Usher had laughed, a caustic sound, like ice breaking apart in northern rivers. When he spoke, his words came sharp, filled with bile, cutting with a lasting sting. “Seems I recall a great deal of blood work done at the behest of John Doyle Lee back to 1857,” he said more softly then, theatrically. “That train of Gentiles, wanting nothing more than to make their way to California. You slaughtered them all—man, woman, and child at Mountain Meadows—didn’t you?”

“What of it!” he protested in a voice as tart as pickling brine, the rangy dance of his big Adam’s apple bobbing up and down his stringy neck.

He had rocked back into Lee’s face, the venom returned to his words, licking a fleck of spittle from the fleshy curve of his lower lip as he said, “Don’t seek to preach to me about blood work, John Doyle Lee! We know where we each stand, whereof the call from on high comes. And now we share the same dream of seeing that false prophet Brigham Young removed from his temporal throne.”

“The years have brought a change in … circumstances, shall we say?” Lee replied, his face as dreary as a priest’s at a sacrifice. “I want nothing more than to live out my life—”

“The old fires dying in you, my friend?” Jubilee had asked. Then sighed. “All right. I think we understand one another. For the time, I only ask you and yours to help me embrace these men within the folds of your faithful for the coming winter. Help me teach them the true faith, John Doyle—and in return you and yours will be paid handsomely for all that we are fed, for the roofs put over our heads.”

“I cannot escape the feeling that you have brought to my doorstep an army of occupation,” Lee protested softly, his arms swung out wide as if submitting to crucifixion. “These are gentle, common people—”

“But we both know it will take an army, its arm raised in vengeance, to seize this land from the heretic. That army then to wield its sword to wrest our kingdom away from the Gentiles and their federalized government so far away in Washington City. Look out that window, John Doyle! Out there I have the beginnings of just such an army. And if you stand beside me, together we will not fail Almighty God!”

So Usher led them north to Utah again in seventy, there to sojourn another winter in the bosom of Lee’s Mormon faithful. And what was all the better, Jubilee wintered right under the nose of that heretic prophet, Brigham Young himself! Winter after winter Jubilee returned them here, leading them up from the blood plain of Arizona and New Mexico, Sonora and Chihuahua. From here in Cedar City, Jubilee could keep a watchful eye on the development of affairs among the Prophet’s insiders, the political machinations of the Quorum of Twelve, the pulse of the rock-solid membership from Stake to Stake. He sent those he could trust the most to be his eyes and ears among Young’s faithful. In the end the Danite chose emissaries who had never been known to associate with Jubilee Usher, new men recruited across the past few years and taught the requisite theology at Usher’s knee, told who to find and who to talk to, who to trust and who to keep at arm’s length. It was always a winter’s task, this grooming of a handful of his crude hellions, making of them men of the cloth, men the likes of Lemuel Wiser.

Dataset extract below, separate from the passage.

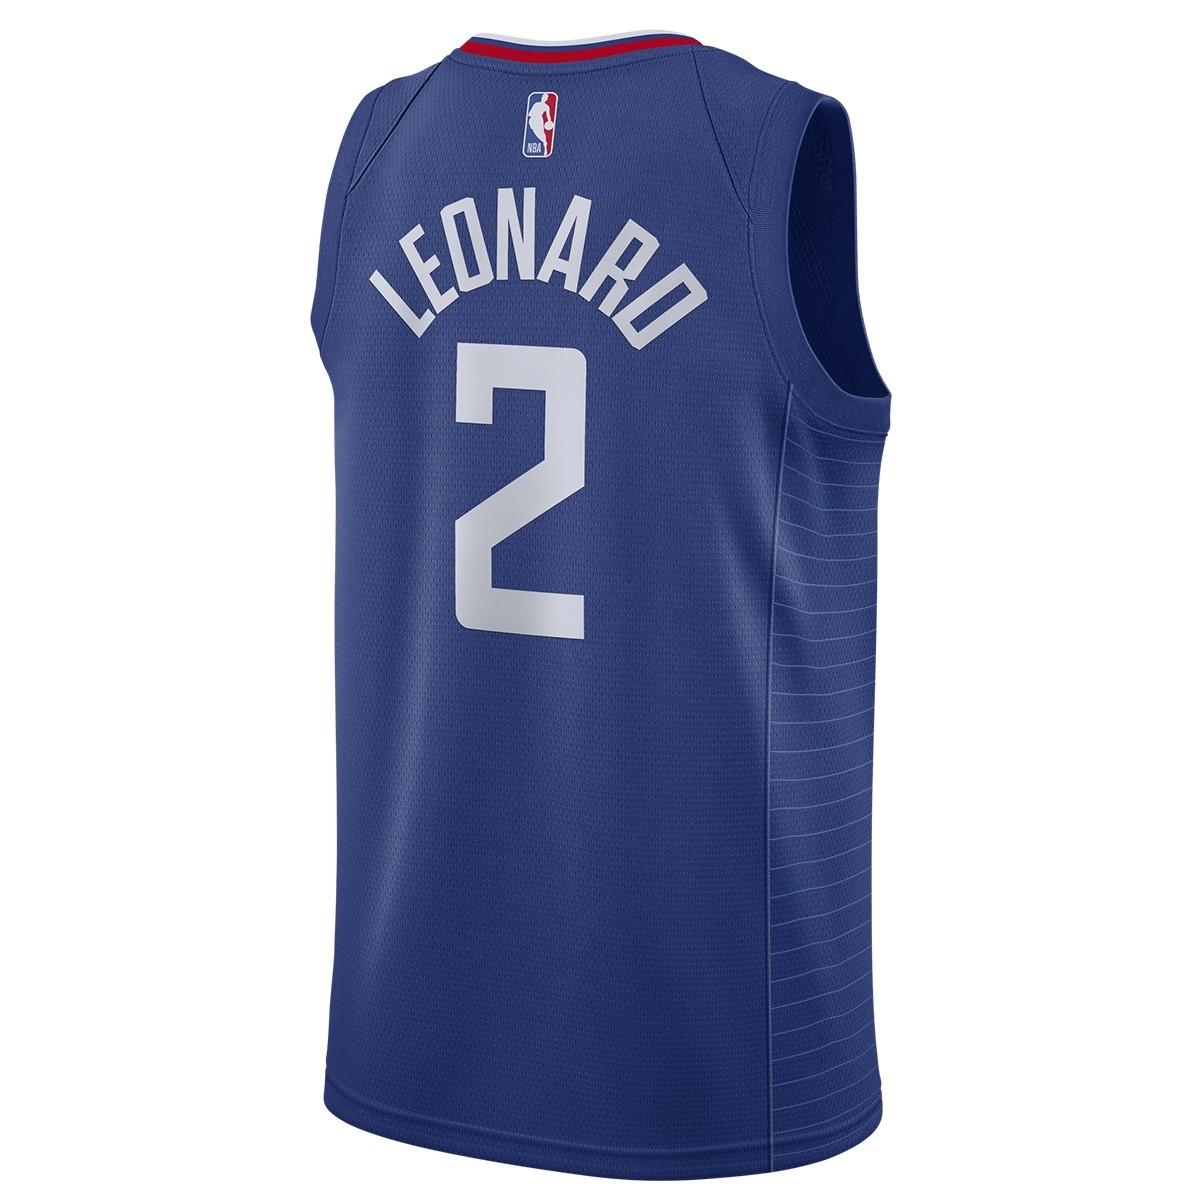 Nike NBA Los Angeles Clippers Swingman Jersey Kawhi Leonard 'Icon Edition'-CW3668-402

There were cracks in that solid wall Brigham Young had fortified about himself, cracks through which Usher made his patient, dogged inroads: waiting, waiting, waiting for the moment to bring that unsteady wall down around the Prophet. It would not be long, he told himself now as he washed the woman’s back with hot, soapy water. Steady progress could be measured, progress in the crumbling of Young’s hold on the Church and its Empire.

“And you will stand at my side, dear woman,” he told her, dragging the coarse cloth back and forth over her white shoulders. How he loved women untouched by the discoloring rays of the sun. “A most fitting life-mate for the new Prophet. How the faithful will rejoice in our happiness.”